→ **ABOUT THIS TASK**:
Pictures do not belong in the copy. Output exactly the lines from the one containing "Hogy mászik fel a kiváncsi tigris a fára?" to the end of the listing below.

→ **EXTRACTED ENTRIES**:
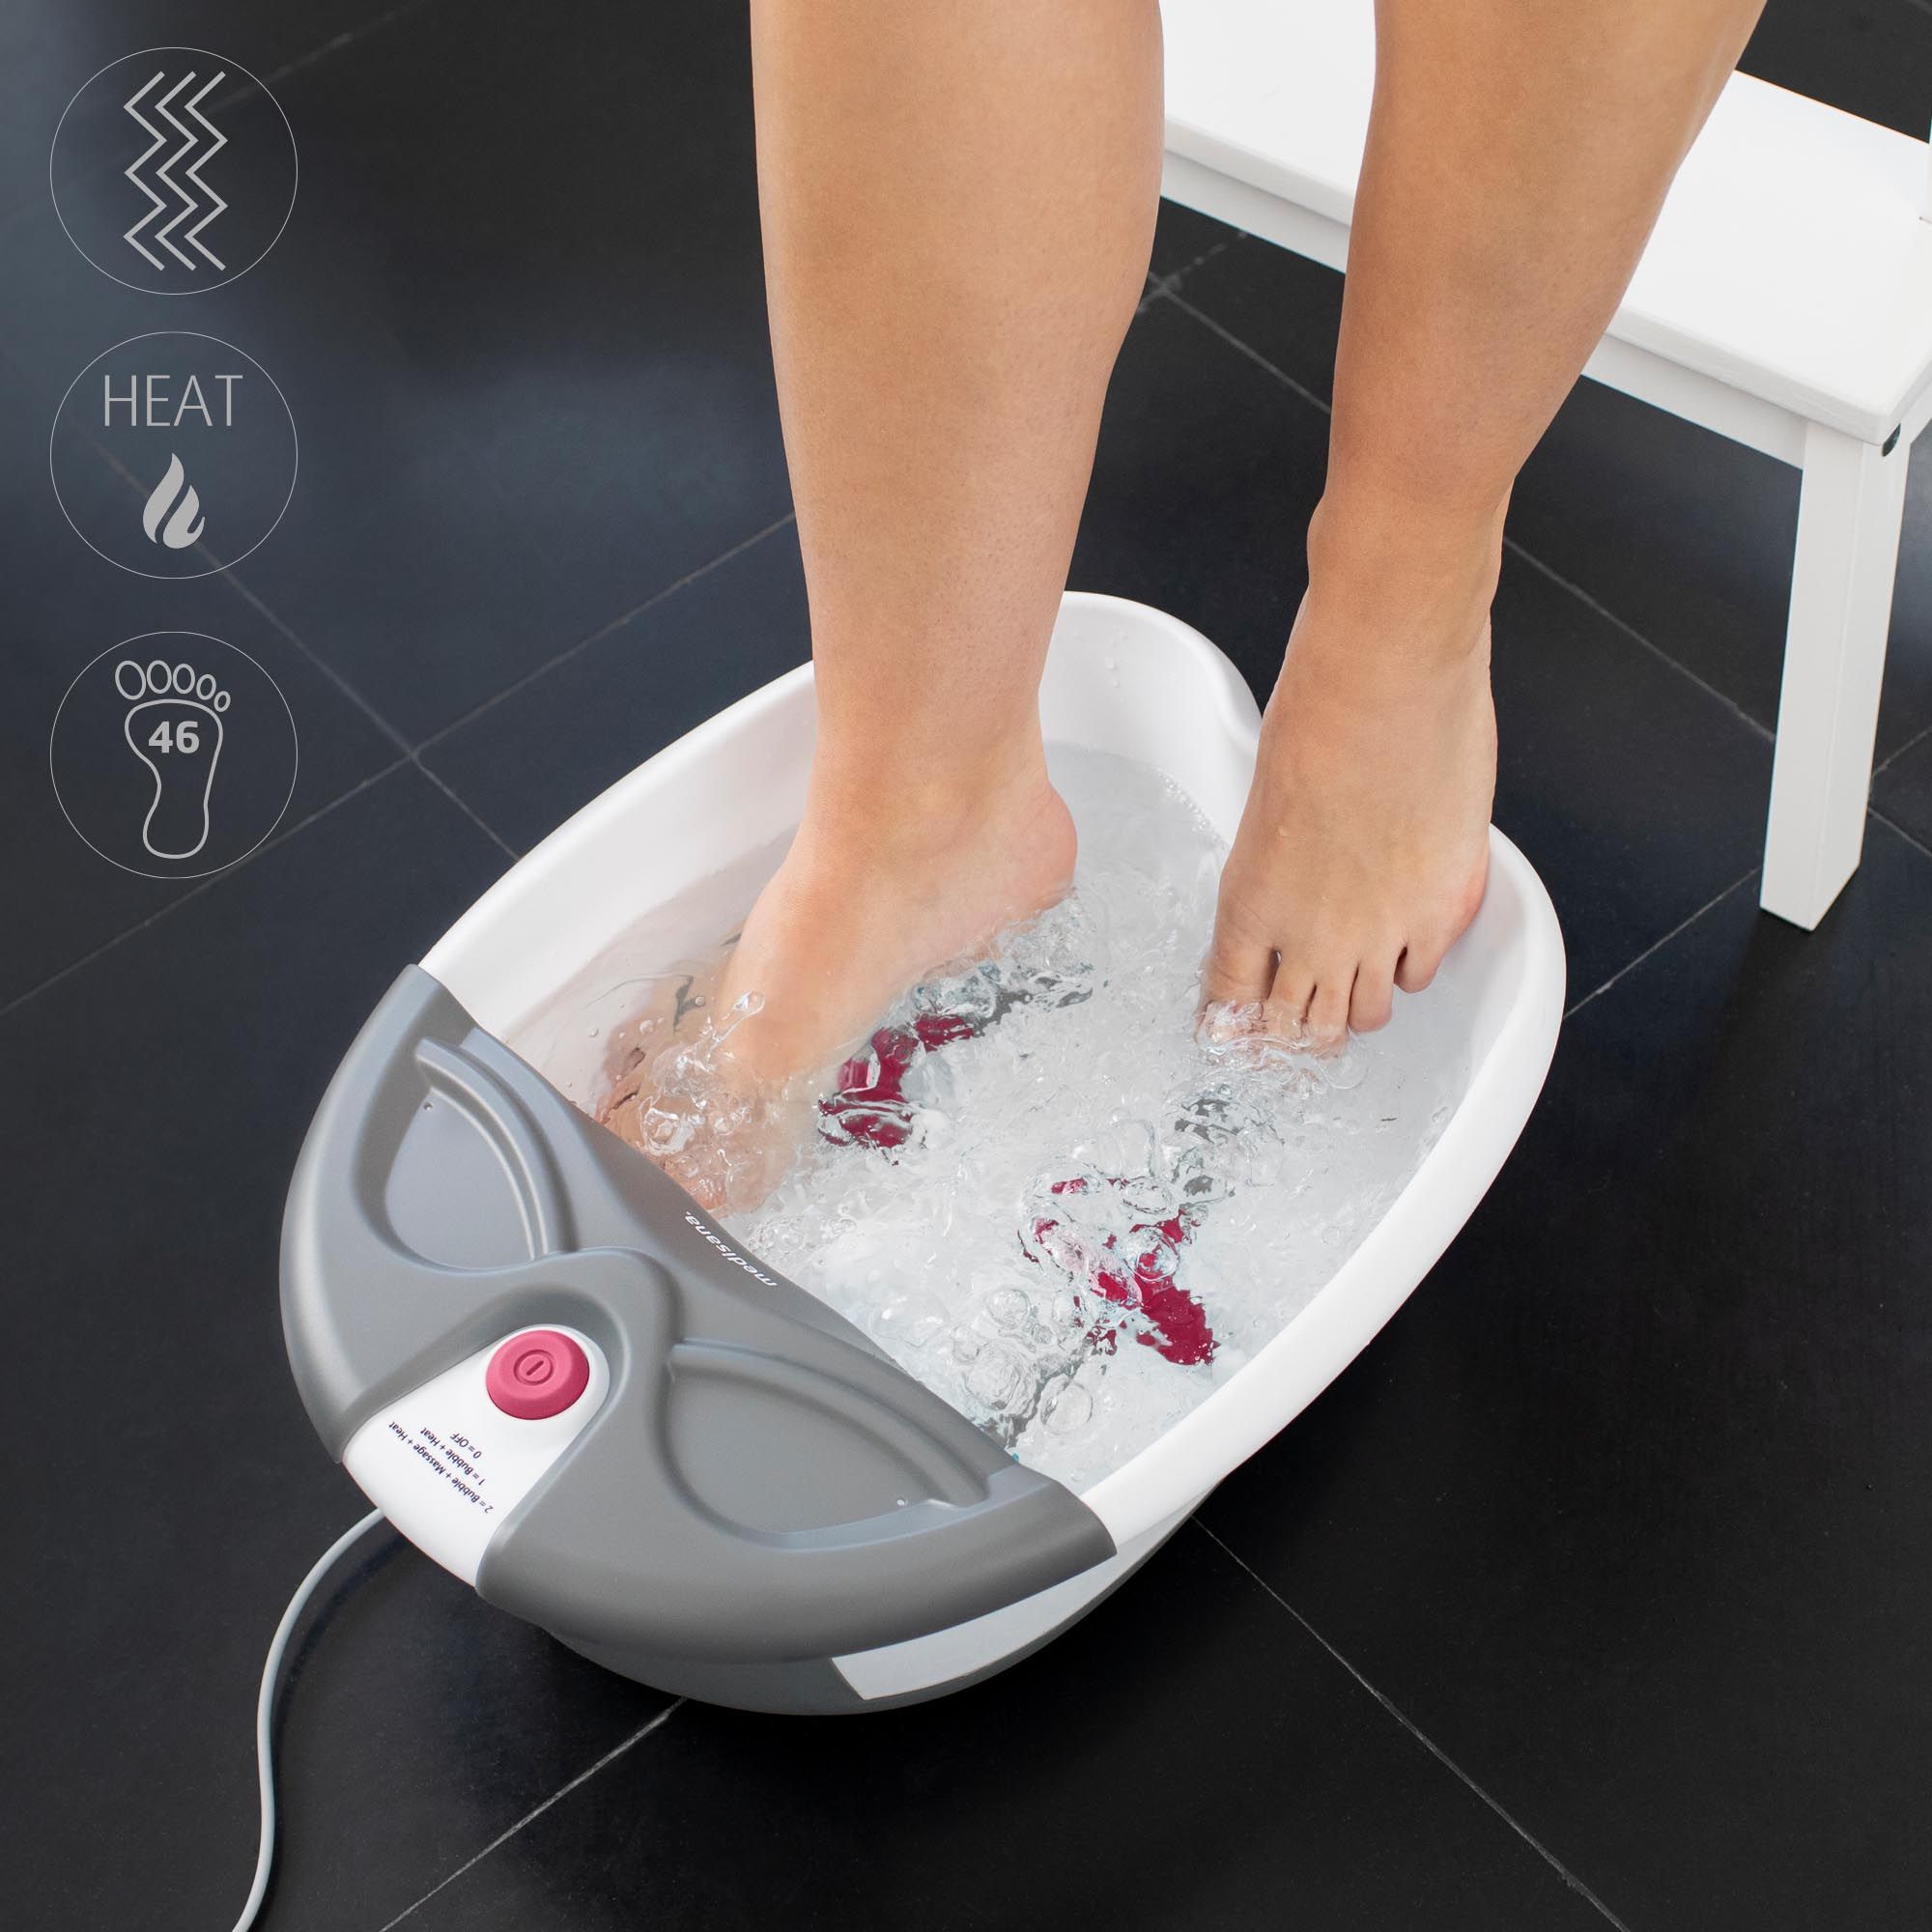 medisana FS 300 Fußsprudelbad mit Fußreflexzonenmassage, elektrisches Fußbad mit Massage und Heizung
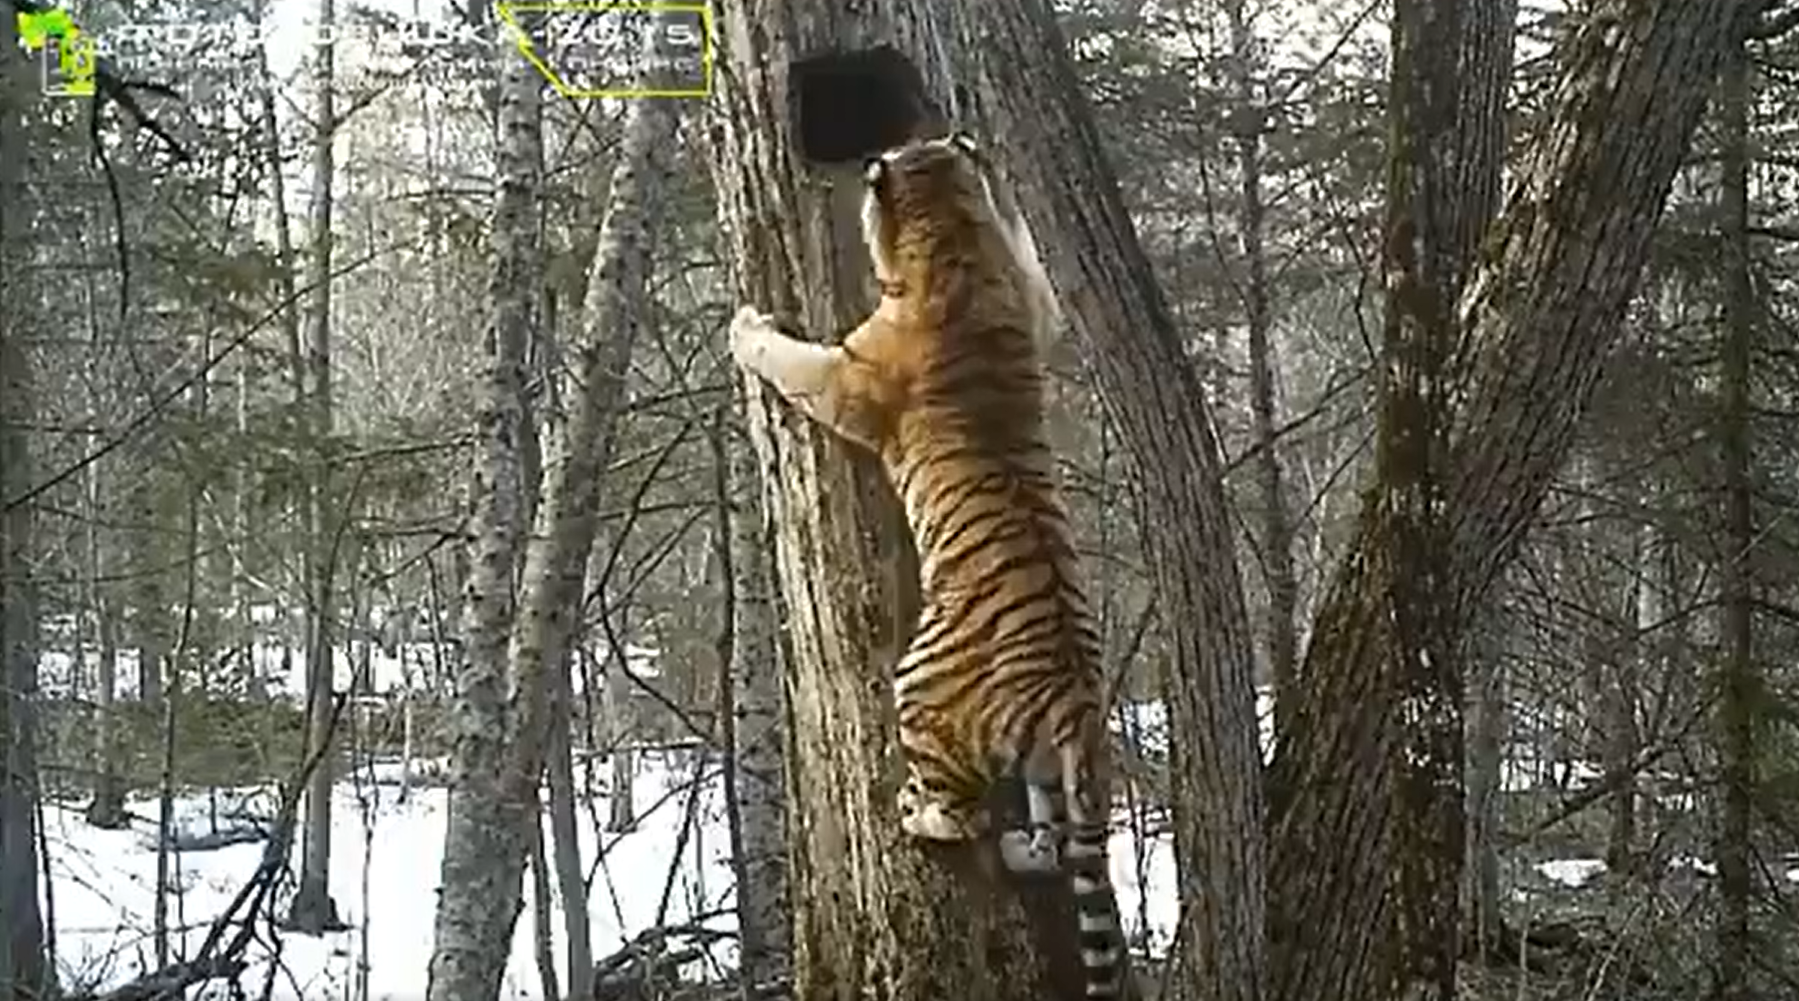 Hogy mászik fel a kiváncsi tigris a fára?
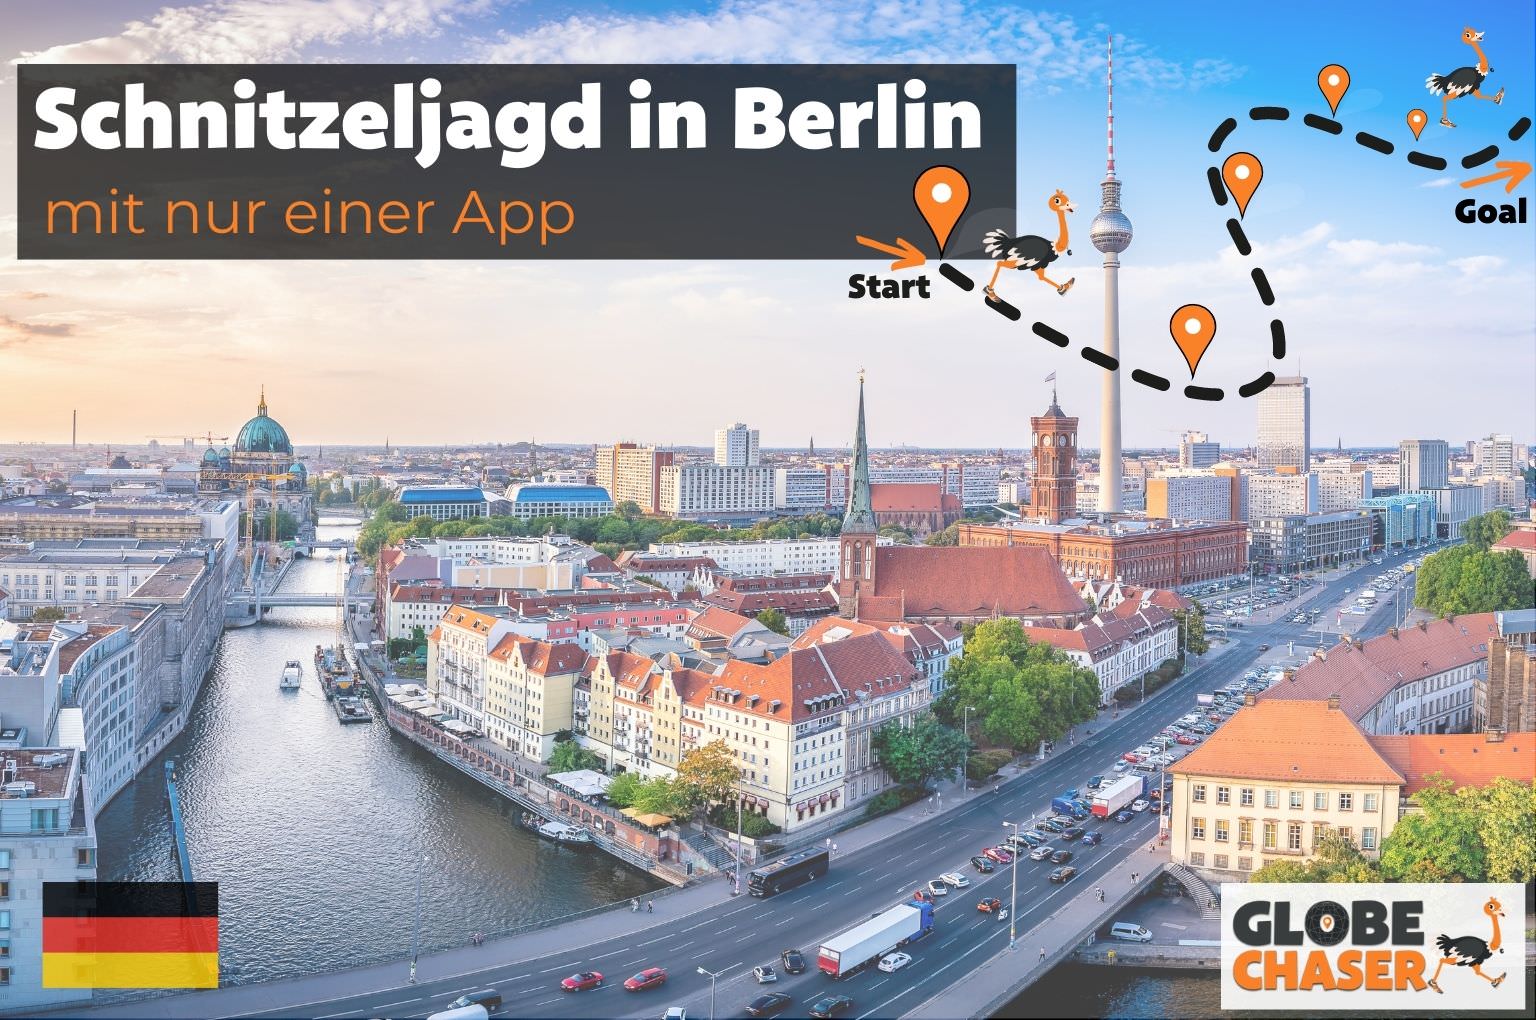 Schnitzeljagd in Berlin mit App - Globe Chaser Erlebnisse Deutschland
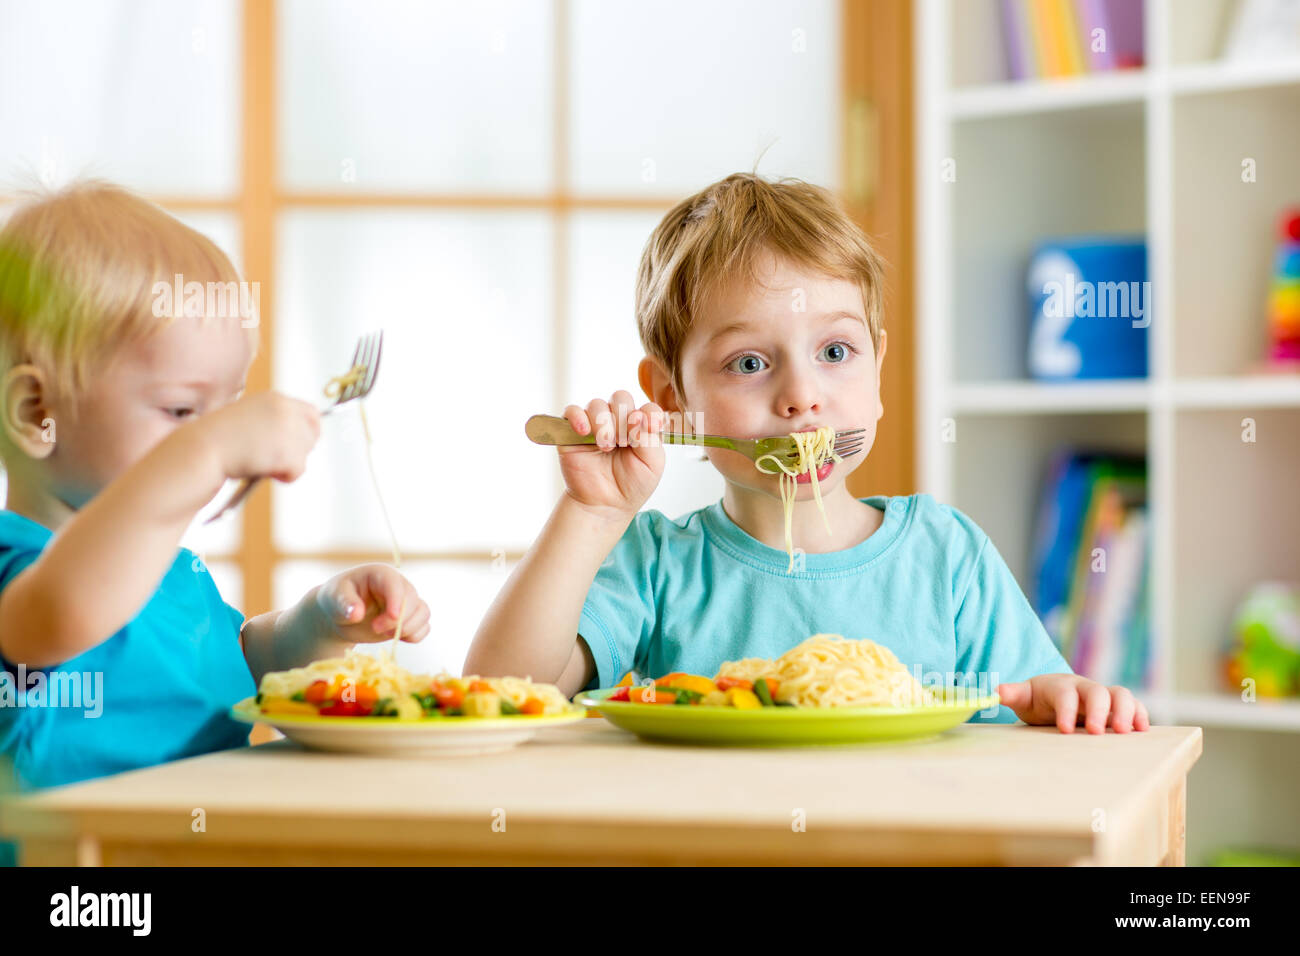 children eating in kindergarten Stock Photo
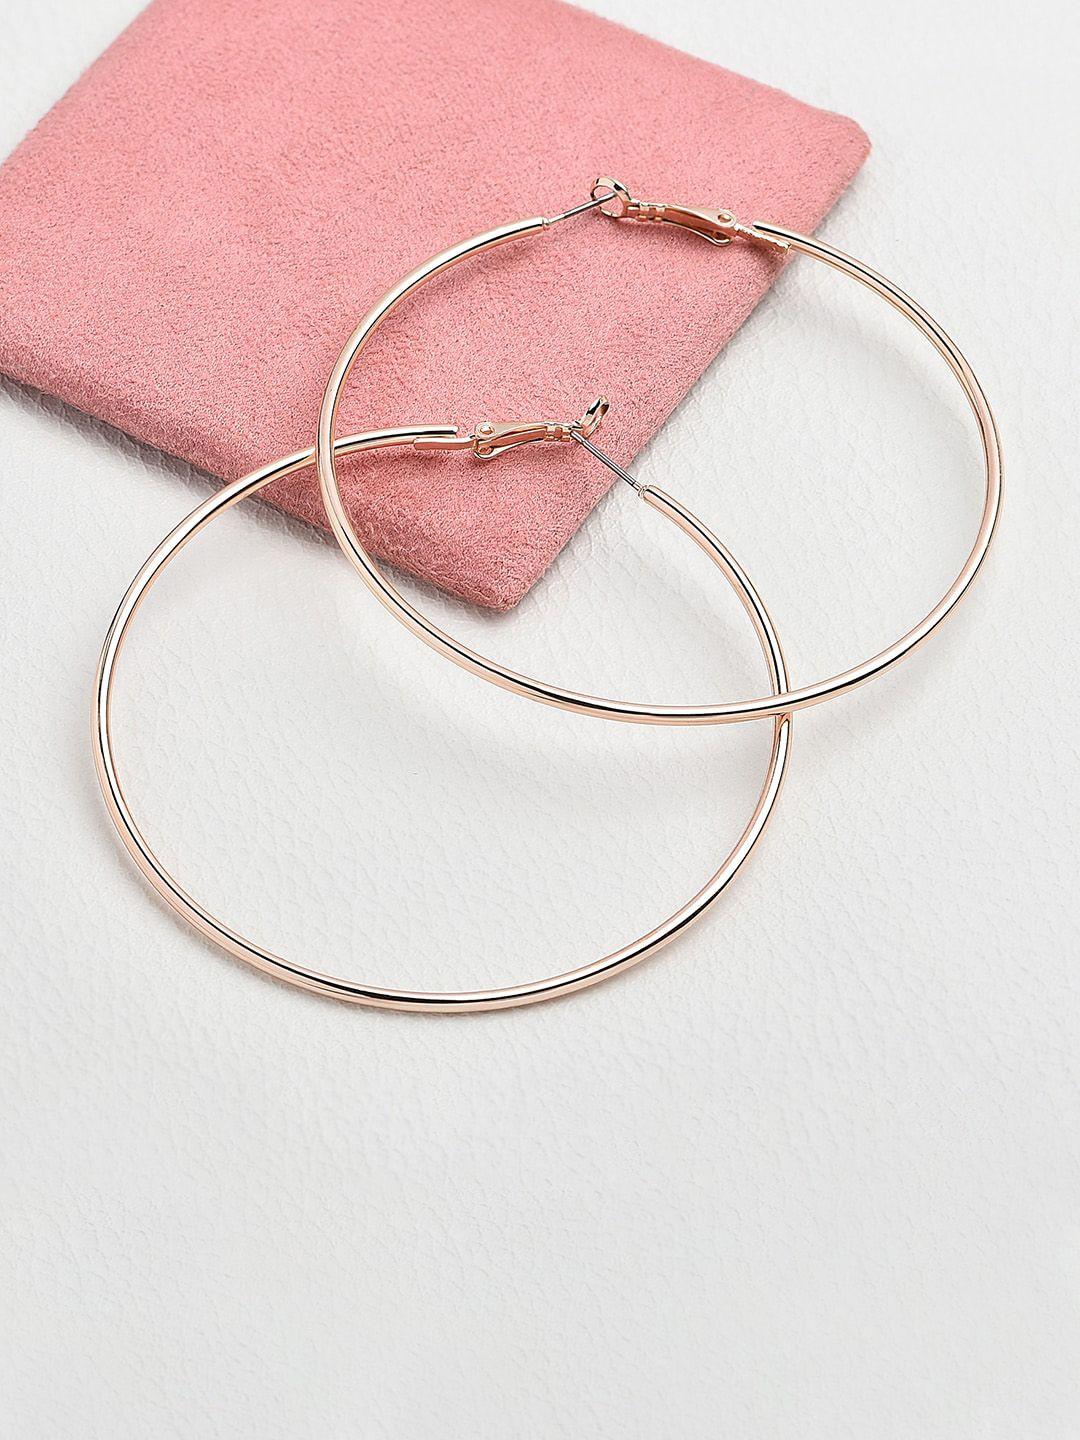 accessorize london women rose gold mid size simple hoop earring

→ **SOLUTION FOR THIS EXERCISE**:
 Hogy mászik fel a kiváncsi tigris a fára?
 Schnitzeljagd in Berlin mit App - Globe Chaser Erlebnisse Deutschland
 children eating in kindergarten Stock Photo
 accessorize london women rose gold mid size simple hoop earring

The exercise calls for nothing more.